Records from a data collection:
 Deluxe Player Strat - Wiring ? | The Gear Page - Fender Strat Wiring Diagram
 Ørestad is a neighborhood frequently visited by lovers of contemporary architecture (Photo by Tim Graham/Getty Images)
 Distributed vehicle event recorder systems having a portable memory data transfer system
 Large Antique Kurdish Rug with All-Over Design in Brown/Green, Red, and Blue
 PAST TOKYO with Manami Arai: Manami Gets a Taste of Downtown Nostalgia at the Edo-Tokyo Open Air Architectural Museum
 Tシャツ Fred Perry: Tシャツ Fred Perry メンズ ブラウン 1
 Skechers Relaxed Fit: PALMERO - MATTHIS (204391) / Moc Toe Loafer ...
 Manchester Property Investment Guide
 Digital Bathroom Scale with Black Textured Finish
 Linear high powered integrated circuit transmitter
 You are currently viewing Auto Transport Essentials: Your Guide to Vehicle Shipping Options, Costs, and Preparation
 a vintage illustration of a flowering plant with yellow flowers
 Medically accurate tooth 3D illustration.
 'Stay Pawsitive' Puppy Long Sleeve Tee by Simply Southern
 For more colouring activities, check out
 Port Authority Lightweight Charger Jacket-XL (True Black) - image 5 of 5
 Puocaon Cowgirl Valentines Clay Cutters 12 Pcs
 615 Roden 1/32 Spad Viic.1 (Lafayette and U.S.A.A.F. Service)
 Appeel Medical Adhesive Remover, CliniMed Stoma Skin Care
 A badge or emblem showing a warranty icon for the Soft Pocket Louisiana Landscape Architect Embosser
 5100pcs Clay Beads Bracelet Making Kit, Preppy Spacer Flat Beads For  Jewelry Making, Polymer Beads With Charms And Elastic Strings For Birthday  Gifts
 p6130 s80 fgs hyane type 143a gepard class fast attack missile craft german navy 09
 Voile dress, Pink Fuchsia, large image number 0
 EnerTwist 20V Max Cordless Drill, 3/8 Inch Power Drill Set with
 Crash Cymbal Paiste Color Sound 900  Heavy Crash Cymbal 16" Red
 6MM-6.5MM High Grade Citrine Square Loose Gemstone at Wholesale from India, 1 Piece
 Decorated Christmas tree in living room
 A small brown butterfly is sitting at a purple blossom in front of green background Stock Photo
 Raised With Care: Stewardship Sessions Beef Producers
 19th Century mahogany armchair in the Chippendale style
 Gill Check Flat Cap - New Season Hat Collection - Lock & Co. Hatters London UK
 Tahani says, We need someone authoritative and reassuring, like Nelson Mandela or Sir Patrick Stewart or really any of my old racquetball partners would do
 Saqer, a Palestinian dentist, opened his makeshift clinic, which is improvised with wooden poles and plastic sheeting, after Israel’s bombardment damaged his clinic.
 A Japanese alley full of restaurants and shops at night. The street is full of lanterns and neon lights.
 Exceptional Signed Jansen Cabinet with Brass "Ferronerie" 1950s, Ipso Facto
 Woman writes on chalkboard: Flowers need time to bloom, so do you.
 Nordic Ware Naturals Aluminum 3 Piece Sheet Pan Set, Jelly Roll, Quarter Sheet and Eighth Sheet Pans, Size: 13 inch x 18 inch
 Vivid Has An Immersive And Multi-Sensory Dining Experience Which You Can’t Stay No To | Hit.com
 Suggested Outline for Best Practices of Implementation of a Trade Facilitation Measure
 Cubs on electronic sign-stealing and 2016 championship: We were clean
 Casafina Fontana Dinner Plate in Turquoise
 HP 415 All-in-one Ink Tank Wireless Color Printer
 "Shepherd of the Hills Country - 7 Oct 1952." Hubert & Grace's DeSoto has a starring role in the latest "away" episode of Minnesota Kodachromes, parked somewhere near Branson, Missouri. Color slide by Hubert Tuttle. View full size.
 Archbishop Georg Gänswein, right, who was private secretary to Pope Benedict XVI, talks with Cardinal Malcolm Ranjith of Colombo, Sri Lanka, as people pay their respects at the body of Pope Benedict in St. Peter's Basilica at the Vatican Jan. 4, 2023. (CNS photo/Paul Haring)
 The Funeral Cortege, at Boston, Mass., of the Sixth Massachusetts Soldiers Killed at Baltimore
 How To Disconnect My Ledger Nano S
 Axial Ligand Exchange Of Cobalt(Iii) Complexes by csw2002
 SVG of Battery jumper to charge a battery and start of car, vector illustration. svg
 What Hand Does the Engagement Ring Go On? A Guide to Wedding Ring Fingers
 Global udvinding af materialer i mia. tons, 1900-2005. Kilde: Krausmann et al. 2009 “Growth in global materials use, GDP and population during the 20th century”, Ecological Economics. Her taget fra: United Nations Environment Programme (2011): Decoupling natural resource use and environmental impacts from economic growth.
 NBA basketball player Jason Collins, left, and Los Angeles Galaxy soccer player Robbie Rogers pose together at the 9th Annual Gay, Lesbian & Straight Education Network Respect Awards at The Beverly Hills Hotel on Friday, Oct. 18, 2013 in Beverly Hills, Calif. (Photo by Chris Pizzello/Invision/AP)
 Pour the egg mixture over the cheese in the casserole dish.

Exercise brief:
The required result is an exact repeat of the records above from the line containing "Casafina Fontana Dinner Plate in Turquoise" to their final line.

Response:
 Casafina Fontana Dinner Plate in Turquoise
 HP 415 All-in-one Ink Tank Wireless Color Printer
 "Shepherd of the Hills Country - 7 Oct 1952." Hubert & Grace's DeSoto has a starring role in the latest "away" episode of Minnesota Kodachromes, parked somewhere near Branson, Missouri. Color slide by Hubert Tuttle. View full size.
 Archbishop Georg Gänswein, right, who was private secretary to Pope Benedict XVI, talks with Cardinal Malcolm Ranjith of Colombo, Sri Lanka, as people pay their respects at the body of Pope Benedict in St. Peter's Basilica at the Vatican Jan. 4, 2023. (CNS photo/Paul Haring)
 The Funeral Cortege, at Boston, Mass., of the Sixth Massachusetts Soldiers Killed at Baltimore
 How To Disconnect My Ledger Nano S
 Axial Ligand Exchange Of Cobalt(Iii) Complexes by csw2002
 SVG of Battery jumper to charge a battery and start of car, vector illustration. svg
 What Hand Does the Engagement Ring Go On? A Guide to Wedding Ring Fingers
 Global udvinding af materialer i mia. tons, 1900-2005. Kilde: Krausmann et al. 2009 “Growth in global materials use, GDP and population during the 20th century”, Ecological Economics. Her taget fra: United Nations Environment Programme (2011): Decoupling natural resource use and environmental impacts from economic growth.
 NBA basketball player Jason Collins, left, and Los Angeles Galaxy soccer player Robbie Rogers pose together at the 9th Annual Gay, Lesbian & Straight Education Network Respect Awards at The Beverly Hills Hotel on Friday, Oct. 18, 2013 in Beverly Hills, Calif. (Photo by Chris Pizzello/Invision/AP)
 Pour the egg mixture over the cheese in the casserole dish.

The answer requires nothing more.